Ganim adopts high profile pandemic messaging
BRIDGEPORT — For a cash-strapped, high-taxed city, when it comes to coronavirus pandemic messaging, Bridgeport has a style that stands out.
“There’s nothing like what (Mayor Joe) Ganim’s doing,” Richard Hanley, an associate professor of journalism at Quinnipiac University, said in an interview. “It’s a whole different level. It’s well-produced . ... This is a leader trying to project ‘leadership qualities’ as opposed to simply being a person citing (virus) statistics day after day.”
Having already gone a step farther than other big city peers to film simple but polished advertising about the health crisis, Ganim more recently has a starring role in a more cinematic effort thanking front line workers.
The two newest videos, one nearly three minutes long, the other 30 seconds, were filmed during an April 16 parade of emergency vehicles past the hospitals. With soft piano accompaniment as background, they feature documentary-style footage of cheering medical professionals and first responders, mixed with closeups of the mayor, his speech to them the voice-over narration.
“It’s you, day in and day out, that are saving lives,” Ganim shouts through an intercom. “You are our heroes.”
He is standing on a fire department vehicle, gripping the microphone, the flash of emergency lights on his jacket.
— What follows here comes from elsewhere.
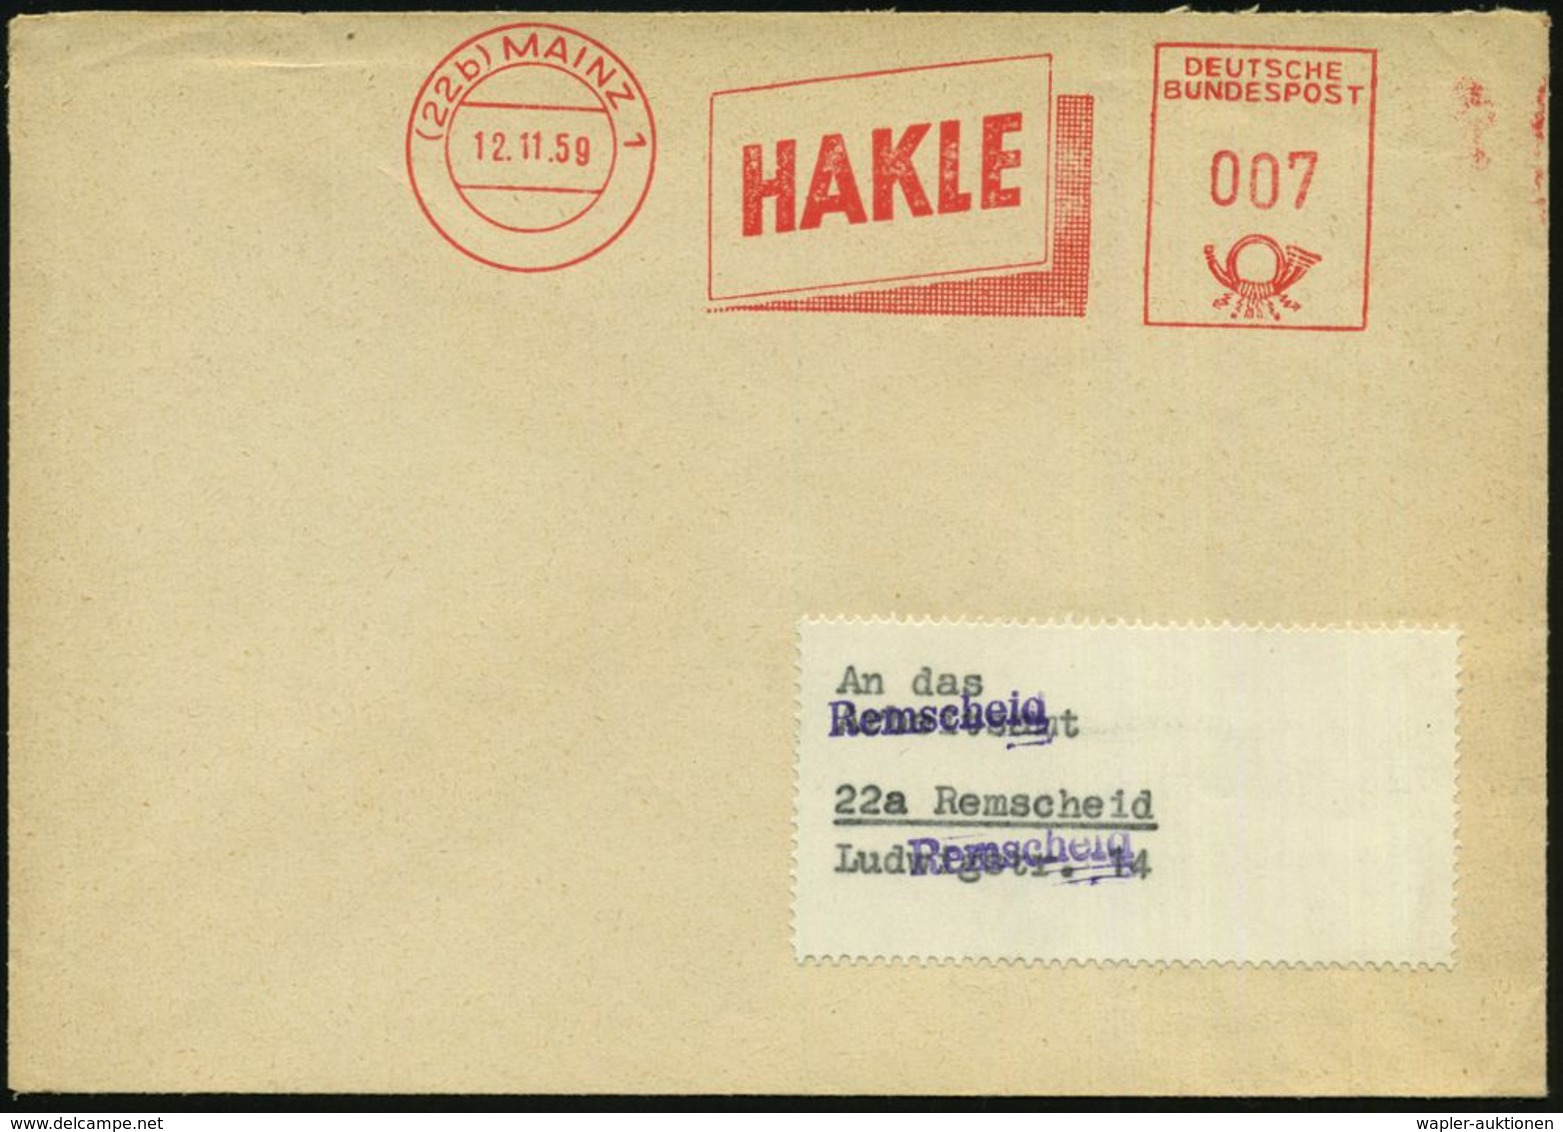 (22b) MAINZ 1/ HAKLE 1959 (12.11.) AFS = Toilettenpapier-Hersteller Etc., Klar Gest. Inl.-Bf. (Dü.E-23C) - - Pharmacie

“Amazing video quality,” said one viewer on Facebook, Arturo Aspinwall. “Definitely (a) professional job.”
And Trisha Ouellette wrote of Ganim, “You’re such a caring and compassionate person who really cares!!!”
While not political, Hanley noted “(it is) a sort of uplifting montage characteristic of a campaign ad. You could see how this could dissolve into ‘Ganim for Mayor’ at the end.”
The mayor’s re-election campaign ended last November. And, having run unsuccessfully for governor in 2018, Ganim has not announced any recent interest in again pursuing higher office.
“Just a nice way to continue to say ‘thank you’ with that video,” Ganim said Thursday during his daily live briefing on Facebook.
But Ganim’s emergency responder “thank you,” along with the handful of previous videos of him facing a camera in his office and praising front line workers or urging residents to fight the illness’ spread, are part of a paid cable television and radio marketing effort. While Ganim’s office ignored repeated requests about those advertising costs, staff claimed any related expenses would be included when Bridgeport eventually files a request for pandemic response reimbursement with the federal government.
The mayors from Hartford, New Haven, Danbury, Norwalk and Stamford, while using several methods to communicate with constituents, have not attempted Bridgeport’s level of sophistication.